My recent paper, “Congressional Law Enforcement,” published in the Wayne Law Review as part of its recent symposium on congressional oversight, explores the relationship between Congress and the executive with respect to violations of criminal law that implicate Congress’s institutional prerogatives. The paper identifies both inter-branch and intra-branch law enforcement, highlighting several tools that Congress has to protect itself, especially when the executive declines to enforce the criminal law.

Safeguarding congressional prerogatives often demands the assistance of the executive, such as when enforcing the criminal law.  Congress, after all, is not a prosecutorial agency.  Inter-branch law enforcement therefore concerns those situations in which Congress works cooperatively with executive branch investigators and prosecutors to protect its interests through federal criminal law enforcement.

One of the ways that Congress does so is through referrals for criminal prosecution. This practice is not uncommon. Sometimes the factual basis for the referral will arise from potentially criminal conduct revealed during congressional hearings or investigations; sometimes it will arise where a summoned witness “willfully makes default” or refuses to answer questions, implicating the contempt statutes, 2 U.S.C. sections 192 and 194.

Outside of the contempt arena, the practice of making criminal referrals has been largely overlooked in the separation of powers literature.  And it raises separation of powers concerns, especially where Congress appears to be dictating prosecution.

Section 194, for example, commands the United States Attorney to bring a congressional contempt certification before a grand jury, which arguably interferes with the executive’s constitutional power to make charging decisions in specific cases (and this appears to be the position of the Justice Department, as well, based on a 1984 Office of Legal Counsel Memo).  Moreover, when Members or Committee leaders send referrals to the Justice Department, they must be careful not to create the perception that prosecutors are being commanded to act on the referral. Rather, the referral must serve only as an advisory mechanism, so as not to interfere with the executive’s discretion or allow raw partisan or electoral considerations to determine who is subject to criminal prosecution. Congress is on firmest ground, then, when such referrals arise from the exercise of congressional investigative power and where the alleged criminality implicates congressional prerogatives.

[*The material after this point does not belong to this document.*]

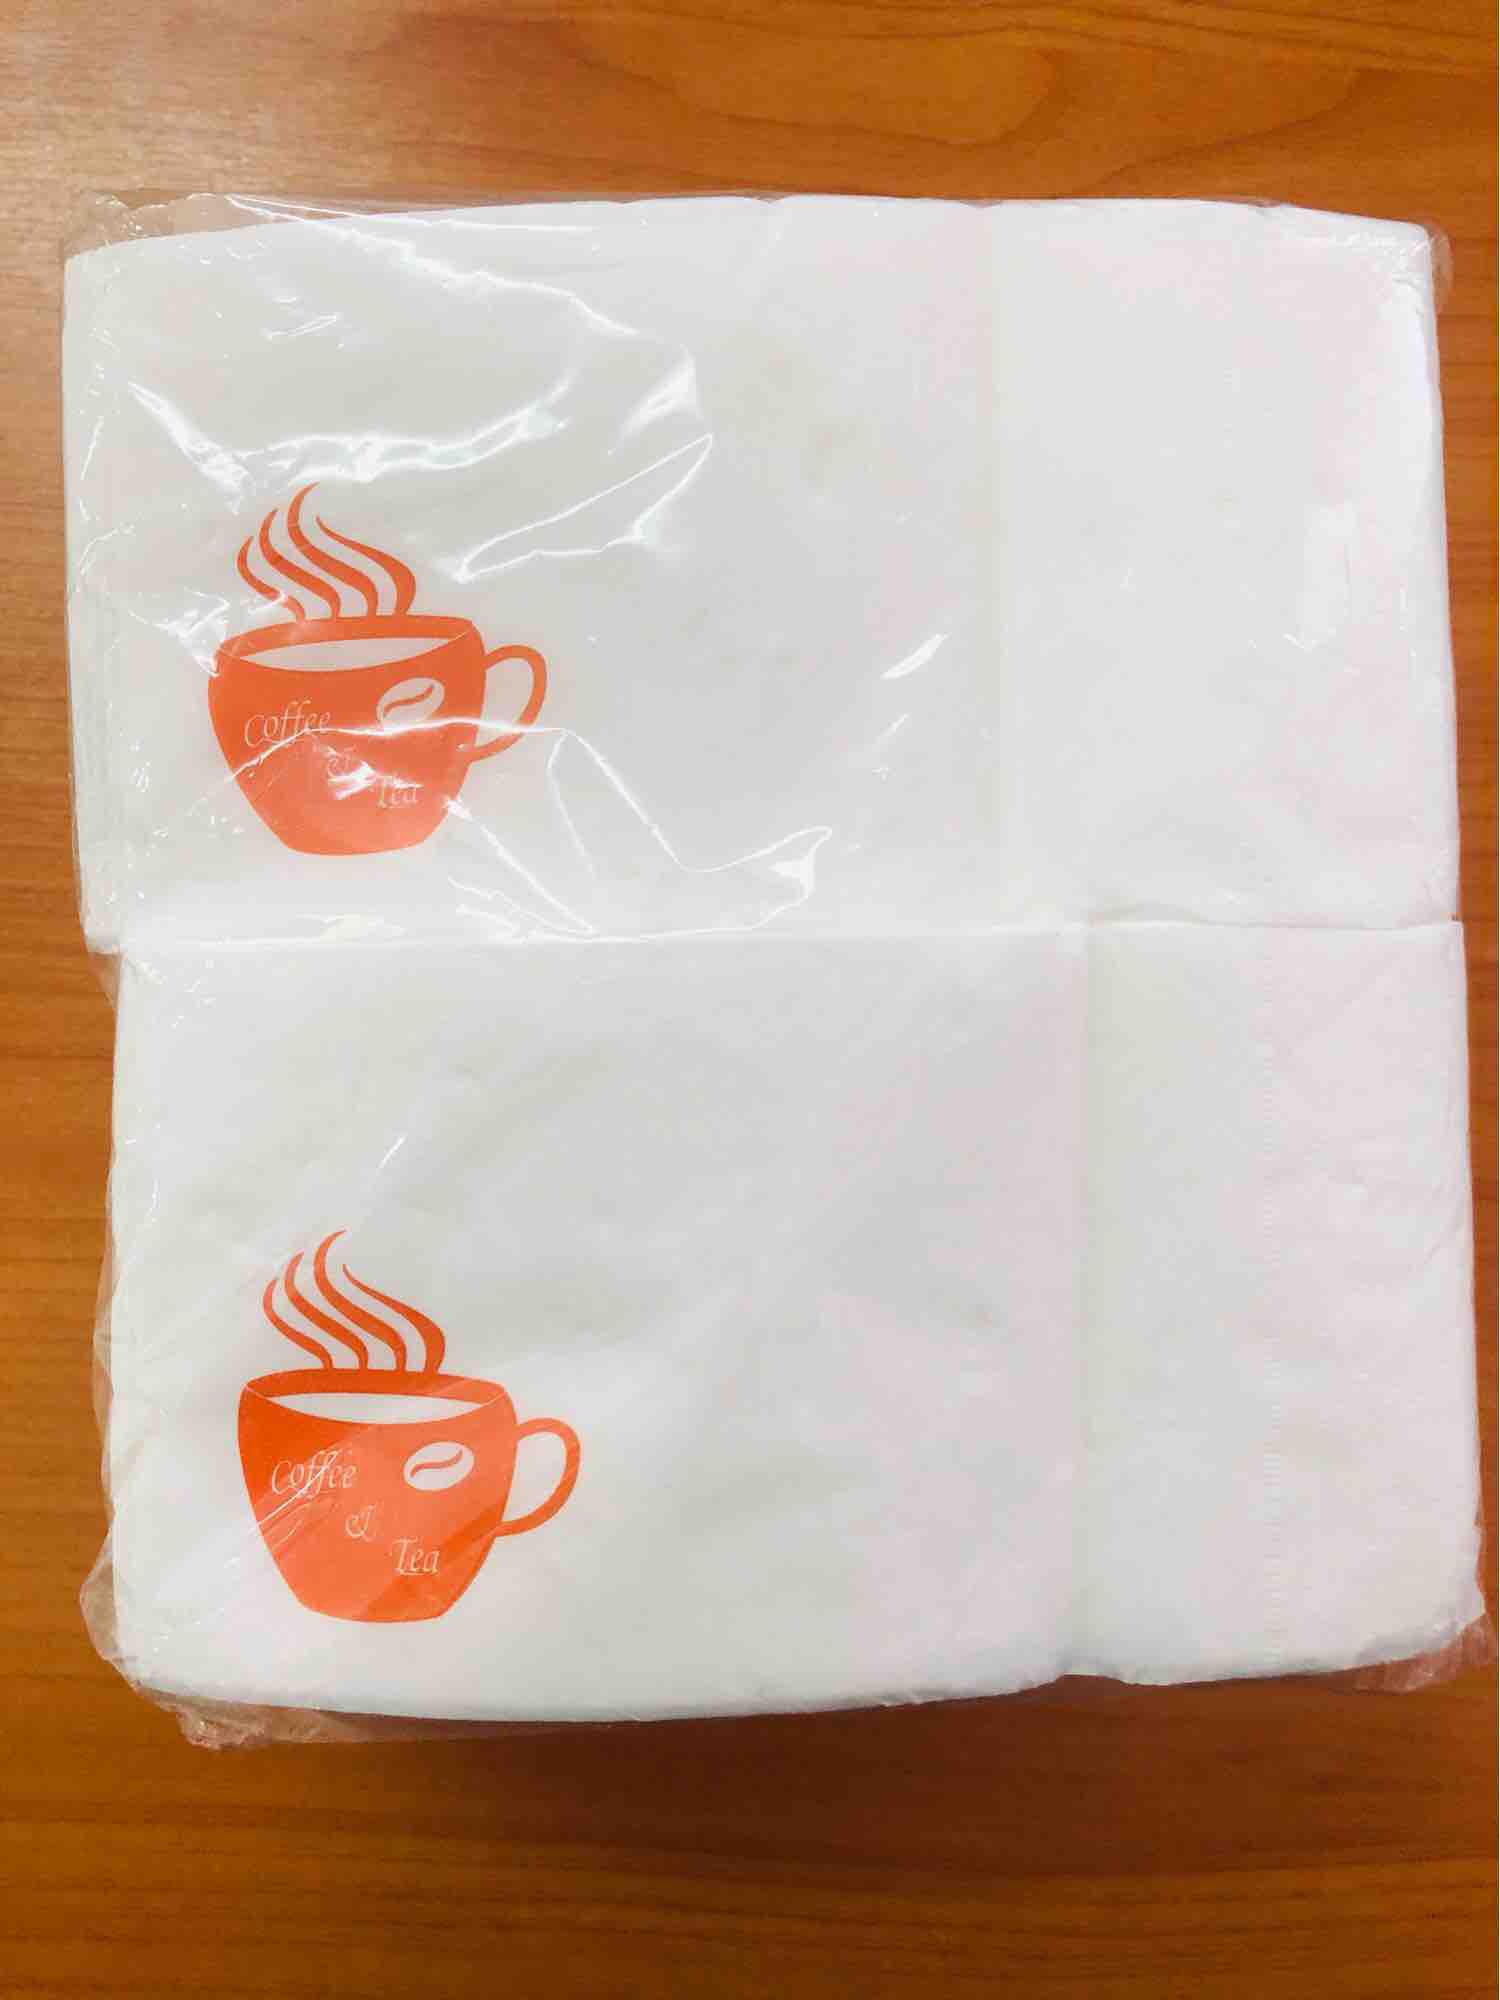 กระดาษเนปกิ้น กระดาษเช็ดปาก  กระดาษพันแก้วกาแฟ กระดาษทิชชู สีขาวพิมพ์ลายคำว่า  Coffee & Tea  (พิมพ์ลายสีส้ม)บรรจุ 200 แผ่นต่อห่อ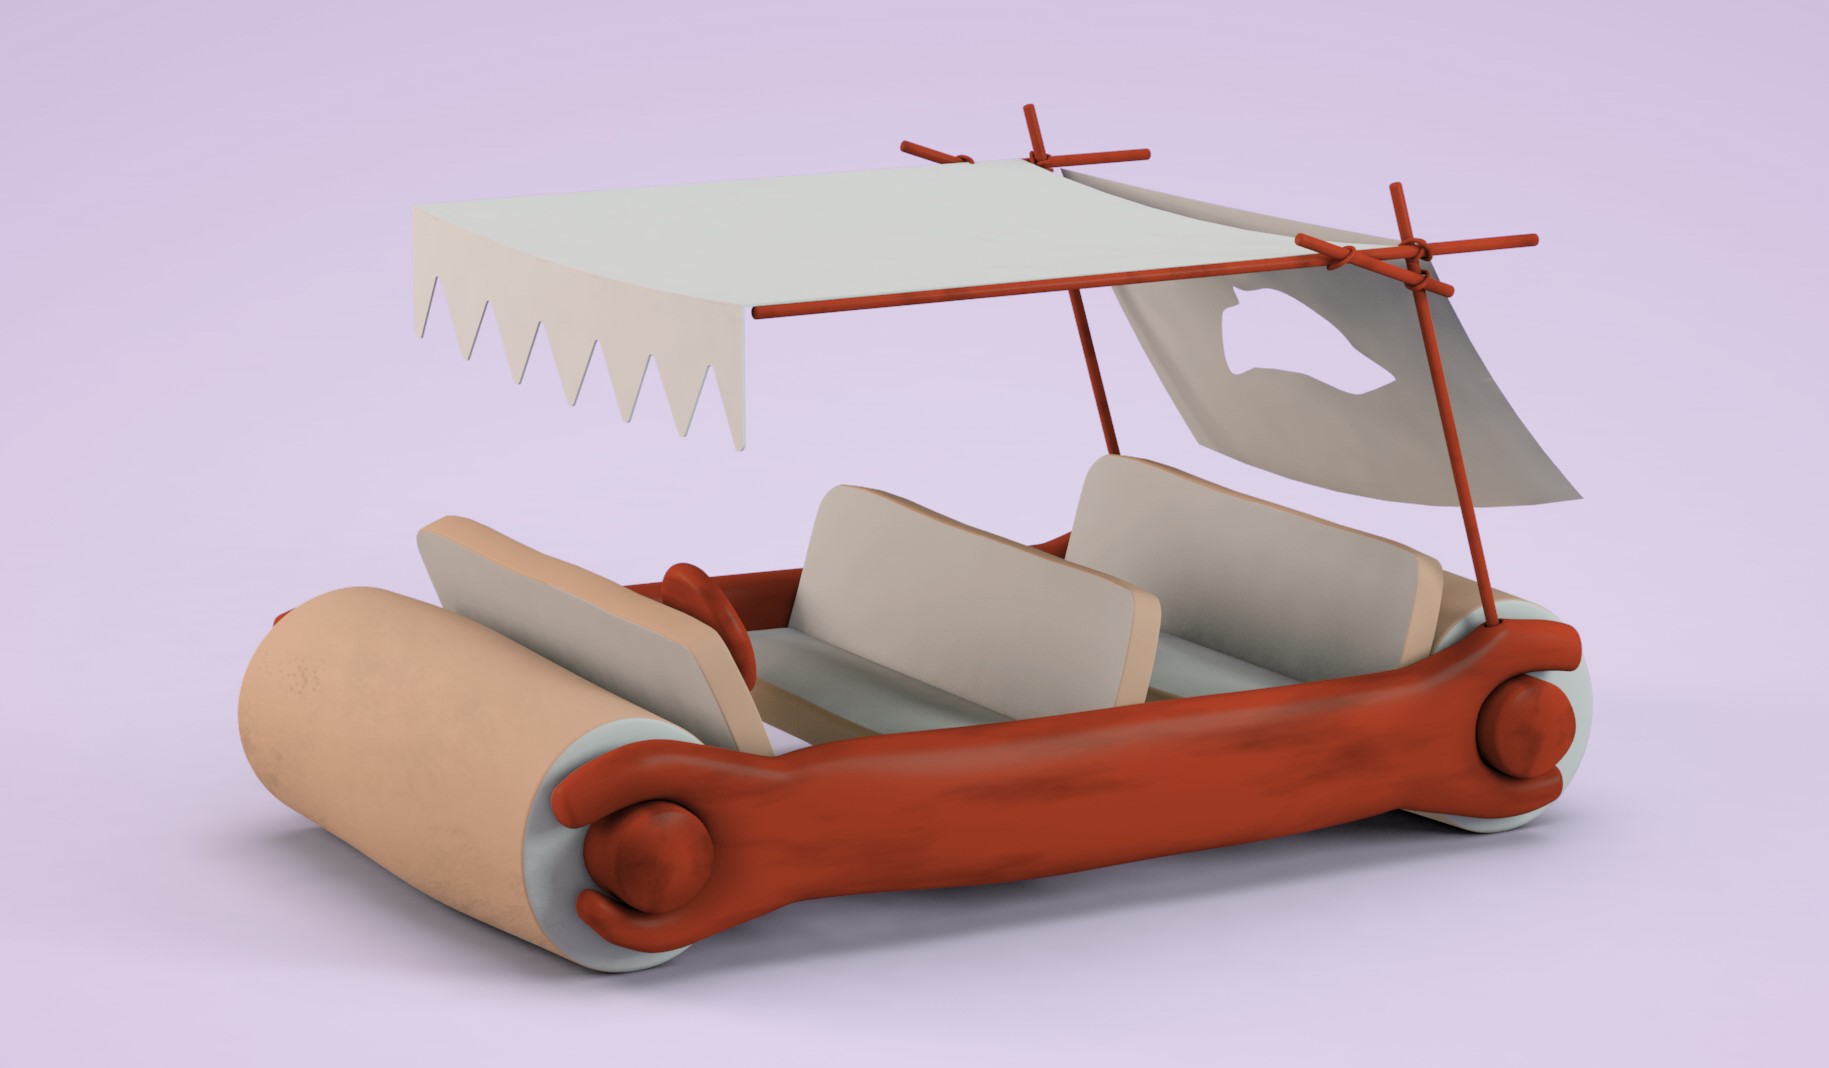 Flintstone car using wooden bearing

Intra-branch law enforcement, by contrast, relates to the internal mechanisms that Congress can use when its interests or privileges have been violated but where it cannot rely upon external enforcement of the criminal law as a remedy. These include, for example, information gathering – including grants of immunity (which do not require Justice Department approval) and subpoena power – and inherent contempt proceedings, which are not distinctly criminal but which allow a chamber to try before the bar of the house someone who has violated the privileges of the chamber, and then incarcerate them in a congressional jail.

These mechanisms have the virtue of allowing Congress to defend itself without reliance upon another branch and thus, as Josh Chaftez observes, without making Congress a supplicant of another branch.  But intra-branch mechanisms, too, can raise separation of powers concerns (for example, using inherent contempt against an official from another branch). And even if constitutionally permissible (as the Supreme Court has repeatedly held), inherent contempt can be, as others have noted, unseemly and ineffective, and has fallen into disuse (not since 1935).  Ultimately, then, Congress may resort to impeachment, which it can use as a remedy against those federal officials who engage in serious violations of congressional privileges.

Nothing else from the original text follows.